The headline number is a net loss of three conservative seats in the legislature. Five of the twelve Freedom Index all-stars — Glenita Zeiderweld, Lucas Kaler, David Levitt, Josh Cole, and Fay Thompson — lost their primaries, all in Magic Valley and southern Idaho districts where establishment spending reached an estimated $800,000 to $1 million. Conservative pickups partially offset the losses: Scott Herndon defeated Jim Woodward in the north, Jane Souder won against Mark Souder, and Colton Bennett secured the nomination for Lori McCann’s vacated seat. But the net math is minus one in the Senate and minus two in the House.

Nate presents a demographic model explaining the pattern: the weakest counties for conservatives share three features — high ag industry influence, large non-citizen populations that inflate the voting power of establishment-aligned citizens, and low in-migration from California, Oregon, and Washington. Northern Idaho, which has the inverse profile, continues to hold conservative seats durably. Nate frames the 2024 conservative sweep of the Magic Valley as an anomaly where the establishment was caught off-guard, and the 2026 results as the correction once hundreds of thousands in special interest money flooded those same races.
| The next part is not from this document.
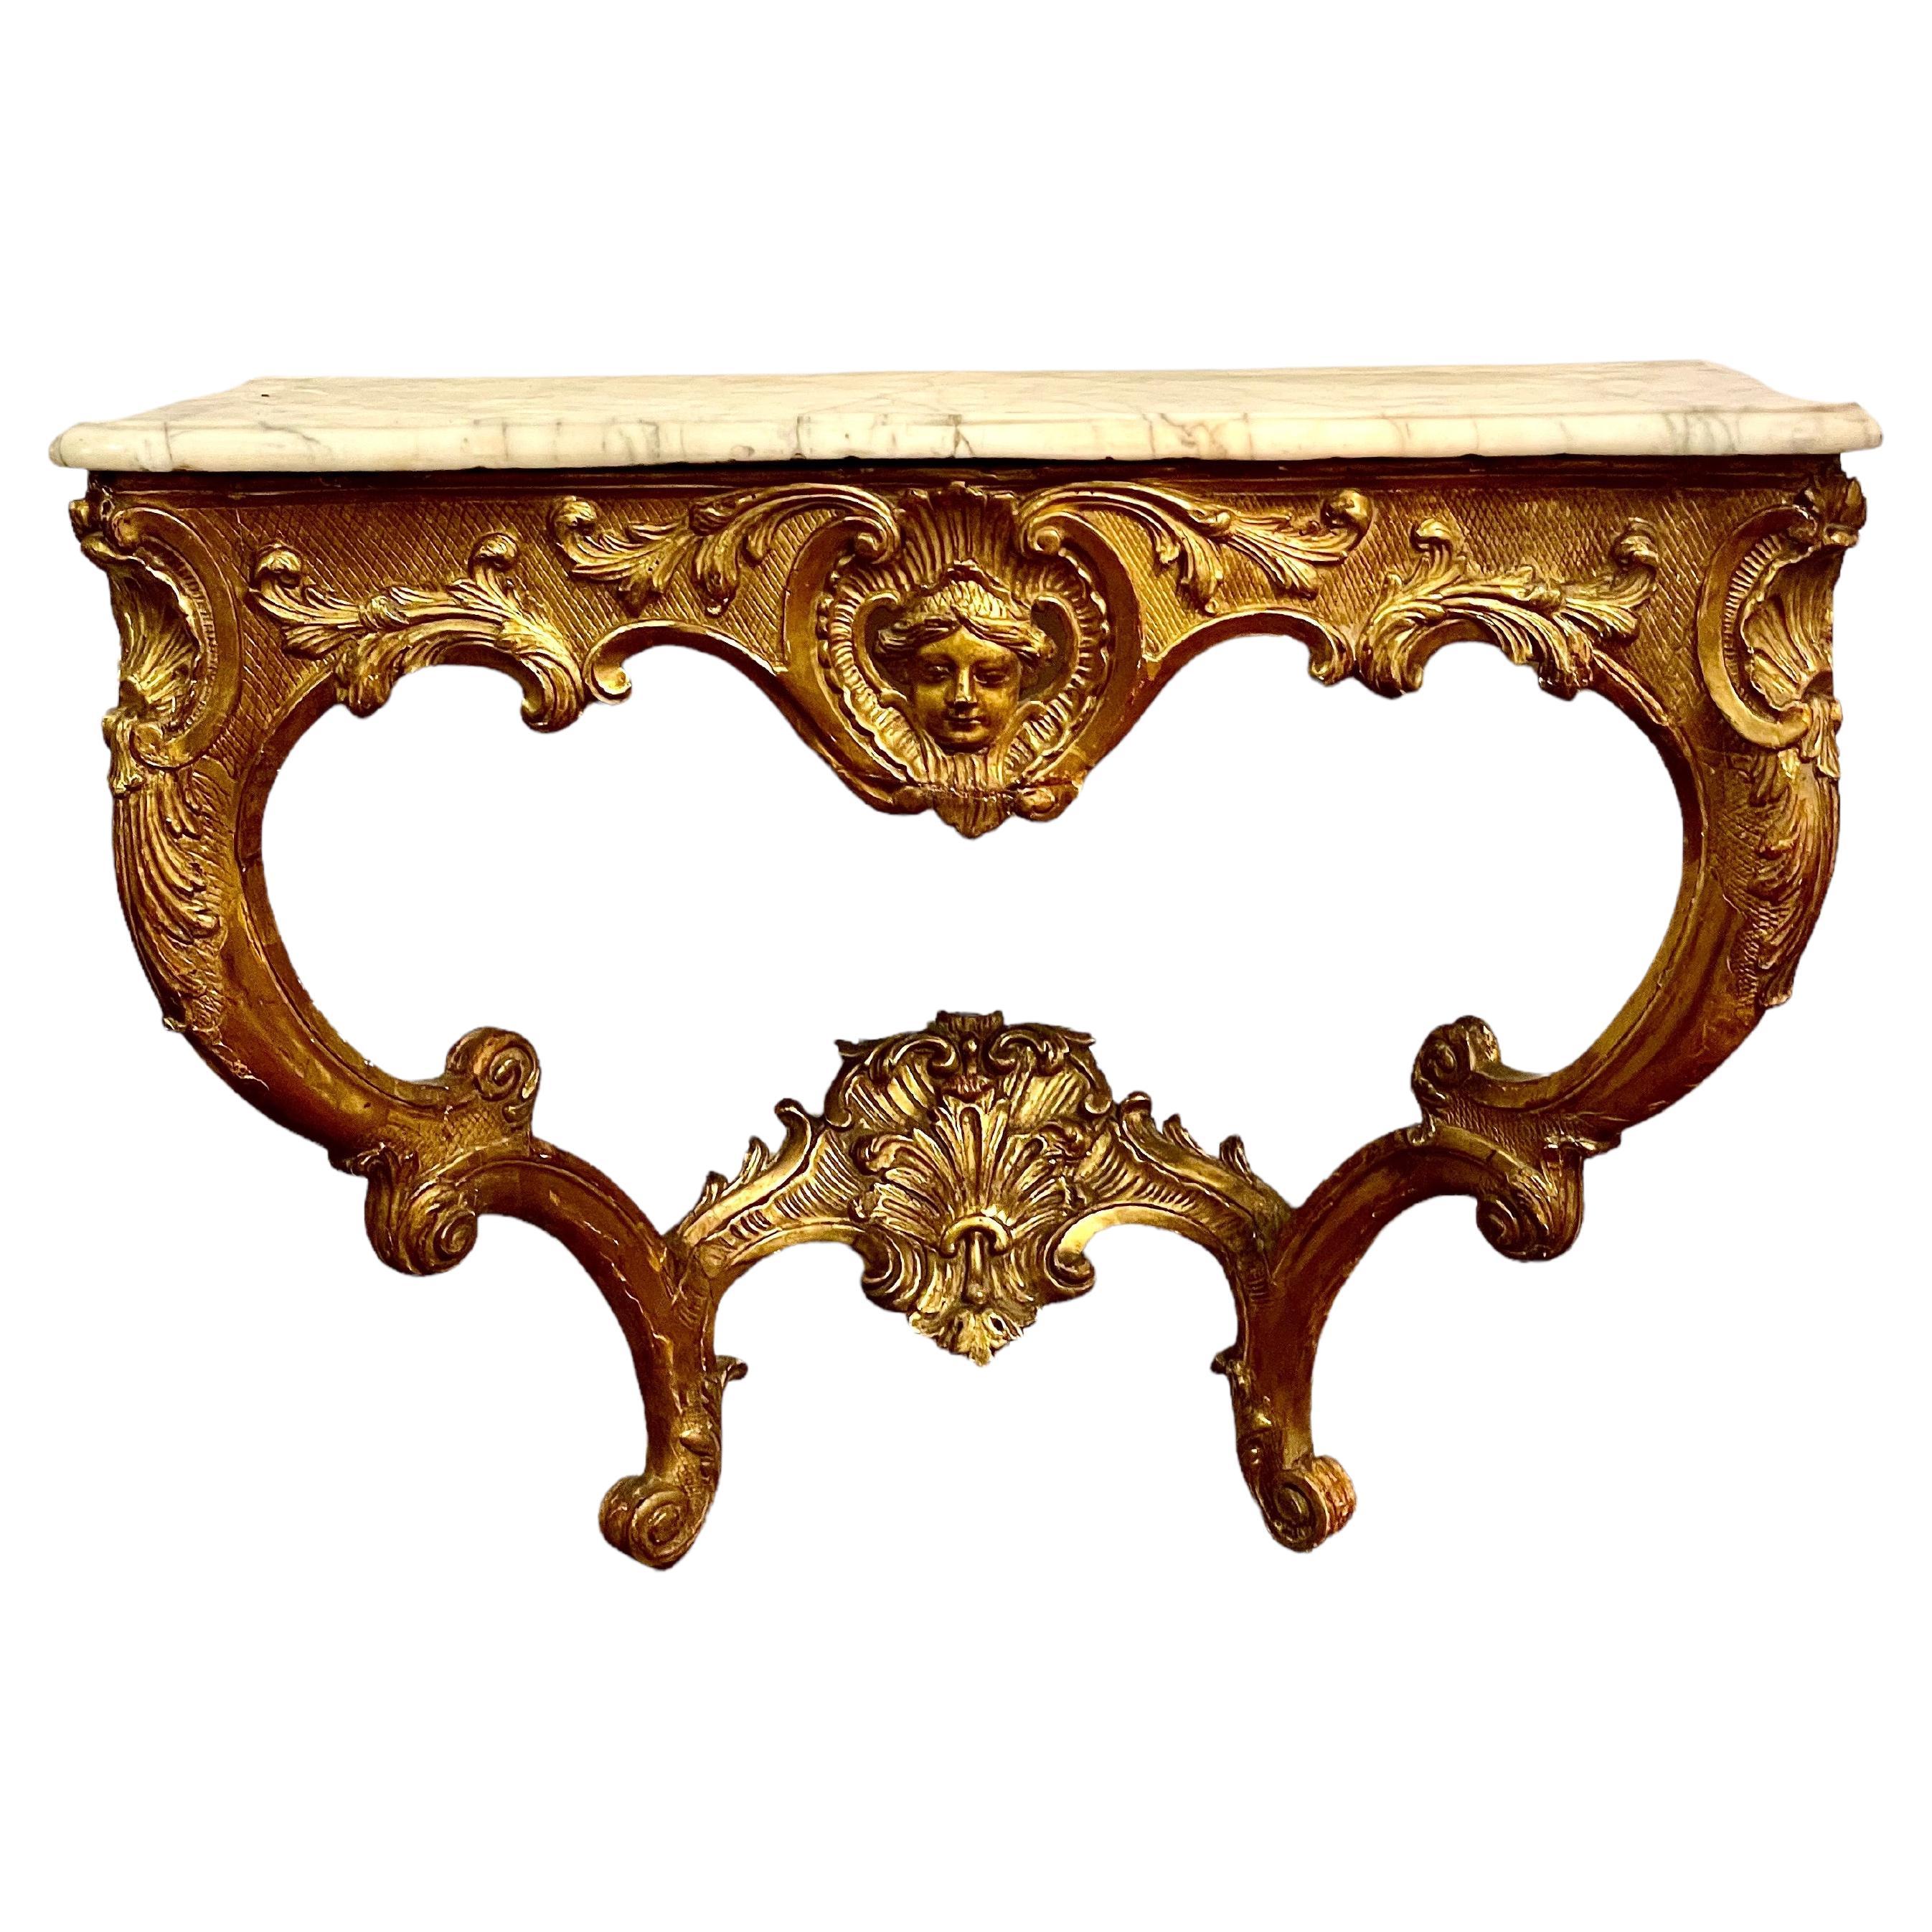 A sublim French Louis XV period Giltwood Console table, with a marble top.

The conversation also addresses the governor’s race — Brad Little won with 59%, but challenger Mark Fitzpatrick’s 28.7% as a relative unknown signals significant Republican dissatisfaction — and the fact that all six constitutional officers ran unchallenged. Neugebauer notes that five of those officers endorsed a state senator who blocked immigration bills, raising questions about the administration’s direction. The episode closes with a discussion of property tax elimination, where Nate argues Idaho could phase out its $2.3 billion property tax within seven years using natural revenue growth without raising other taxes.

0:01 Introduction and Constitutional Officers’ Endorsement Controversy

Bob Neugebauer opens by framing the primary election results as unexpected and introduces the theme of Idaho’s continuing leftward drift. The conversation immediately turns to five constitutional officers who endorsed a state senator accused of blocking three immigration bills and supporting driver’s licenses for undocumented immigrants. Nate singles out the Secretary of State’s involvement as unprecedented and raises the conflict-of-interest problem: the official who certifies elections has now taken sides in legislative races, undermining public confidence in the resolution of any future close or disputed election.

3:19 The Governor’s Race: Brad Little’s 59% and the Fitzpatrick Signal

Neugebauer highlights Mark Fitzpatrick’s 28.7% showing against Governor Brad Little as the highest primary challenge performance from a relative unknown. Nate frames it differently: 40% of Idaho Republicans voted against the sitting governor, and much of Fitzpatrick’s support represents a no-confidence vote rather than name recognition. They walk through the rest of the top of the ticket — Jim Risch winning the Senate nomination with 67%, Russ Fulcher cruising in the 1st Congressional District, and Mike Simpson again exceeding 60% in the 2nd District despite voting records Nate characterizes as consistently un-Republican, including TARP, Cash for Clunkers, and dam removal advocacy.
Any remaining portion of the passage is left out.